A breakdown of how different priced segments of art performed in 2024 regarding volume versus value (sourced from Arts Economics via Art Basel & UBS)
A breakdown of where various types of art rank in terms of sales value and volume (sourced from Arts Economics via Art Basel & UBS)
Ed Ruscha (b.1938) | Standard Station, Ten-Cent Western Being Torn in Half (1964) | Sold for around US$68.2 million by Christie's New York | The second most expensive lot sold in 2024 and the most expensive Post-War and Contemporary painting
Looking at Post-War and Contemporary, the value of sales has decreased. That being said, it continues to be the largest segment of the fine art auction market, with sales volume having grown by 5% this year to a 10-year record high. The United States was still the major market for this sector, with paintings such as Ed Ruscha’s record-setting Standard Station, Ten-Cent Western Being Torn in Half (1964).
Following Post-War and Contemporary, Modern art was the second largest section of the market, but its rapid post-pandemic recovery has faltered, leaving it at levels before 2019. While the volume of sales has increased by 17% this year, the total value of these sales has dropped to less than half of the value in 2014.
The third largest part of the fine arts market was Impressionism and Post-Impressionism, which totaled around 14% of the total value and 12% of the total lots sold. While the value dipped from 2023, the volume, like all other sectors, increased, and the area has remained stable, all things considered.

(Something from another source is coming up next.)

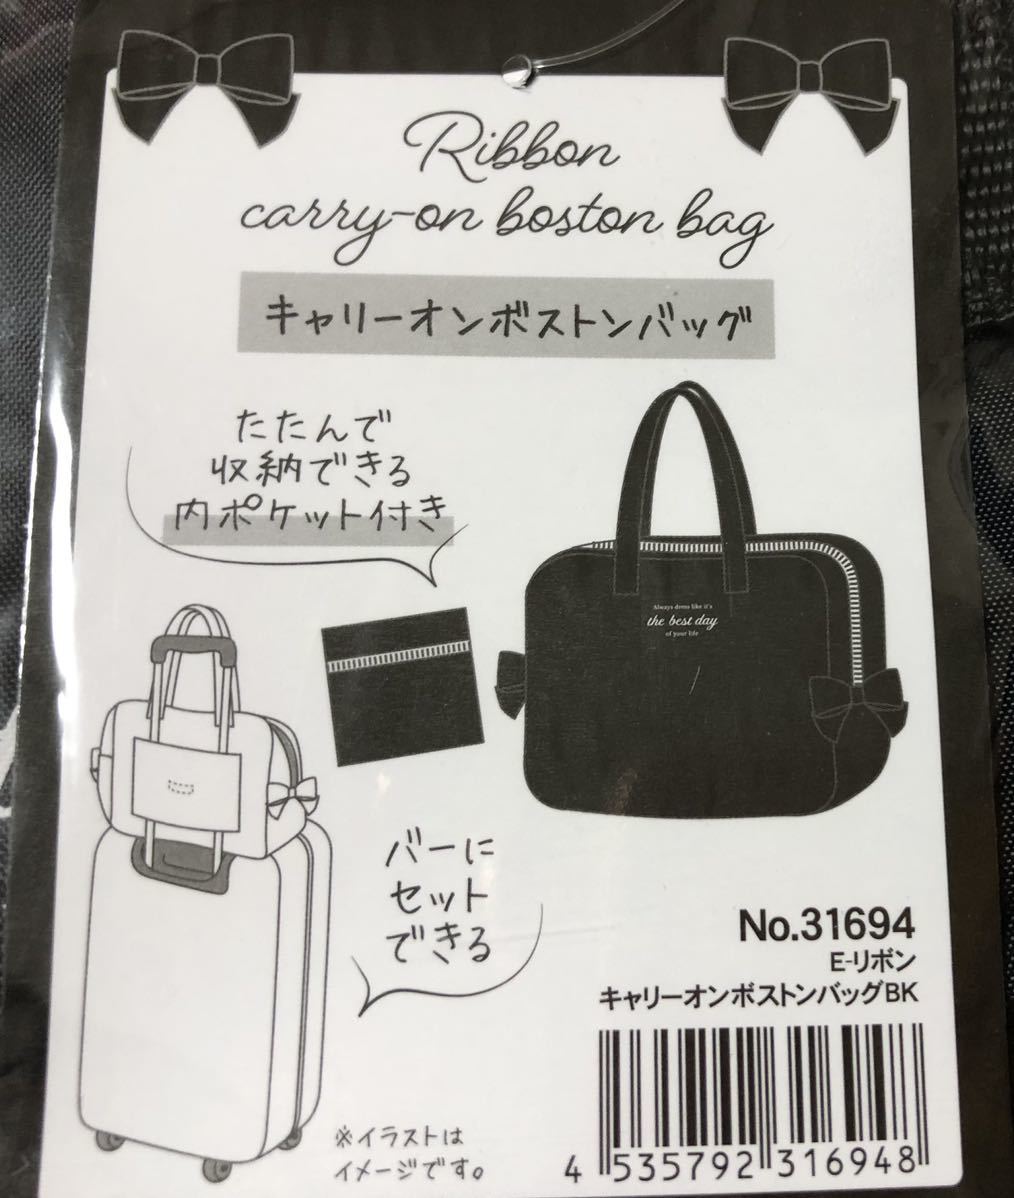 キャリーオンボストンバッグ リボン ブラック 黒 スーツケース 旅行 遠征 サブバッグ エコバッグ シンプル 可愛い Product Details Yahoo Auctions Japan Proxy Bidding And Shopping Service From Japan

Coming out of the pandemic, Impressionism had one of the strongest recoveries of all the fine art branches; however, the supply of lots has dropped dramatically, causing it to be 38% lower in value compared to 2014.
Claude Monet (1840-1916) | Nymphéas (1914-1917) | Sold for US$65.5 million by Sotheby's New York | This Monet was the third highest selling lot of the year, and it, along with various other high-profile works, boosted the sales results of the entire Impressionist sector
A comparison of how different types of painting performed in 2024 (sourced from Arts Economics via Art Basel & UBS)
Looking towards 2025 and the future:
Looking towards the future, while the world’s developed economies may have in some way recovered to an extent or are in the process of recovering, there are still fears of a global recession, and this may shake the willingness of buyers to spend. Furthermore, there are slowing rates of luxury consumption by the art market’s third-largest market: China. Although the 44% rise in new buyers seen by Christie’s Hong Kong could show some long-term positive trends.
The largest elephant in the room is instability caused by tariffs. At the time of writing, China and the US have engaged in a full trade war, which will most likely have ramifications on the art market as the Chinese reduce their appetite for excessive spending and may be less willing to spend their money on foreign brands from hostile countries, according to UBS. There is also a possibility that currency fluctuations, caused by the trade war, may discourage Chinese clients from buying in Hong Kong, as they previously enjoyed a relative discount on art due to the RMB being weaker than the Hong Kong Dollar.
Furthermore, there was already a decline in US-EU art market trade due to the existing tariffs that have hampered the free flow of goods, including art. US tariffs on the EU, which it is unknown if this includes the preexisting punitive tariffs levied under the Biden administration, now sit at 10% and will most likely continue to worsen the movement of art and collections between the regions, further putting off buyers. Additionally, starting from June 2025, the European Union will be enacting new legislation that will hamper and complicate the importing of art from outside the EU, in a move highly criticized by those within the art industry as overcomplicating and hampering their business.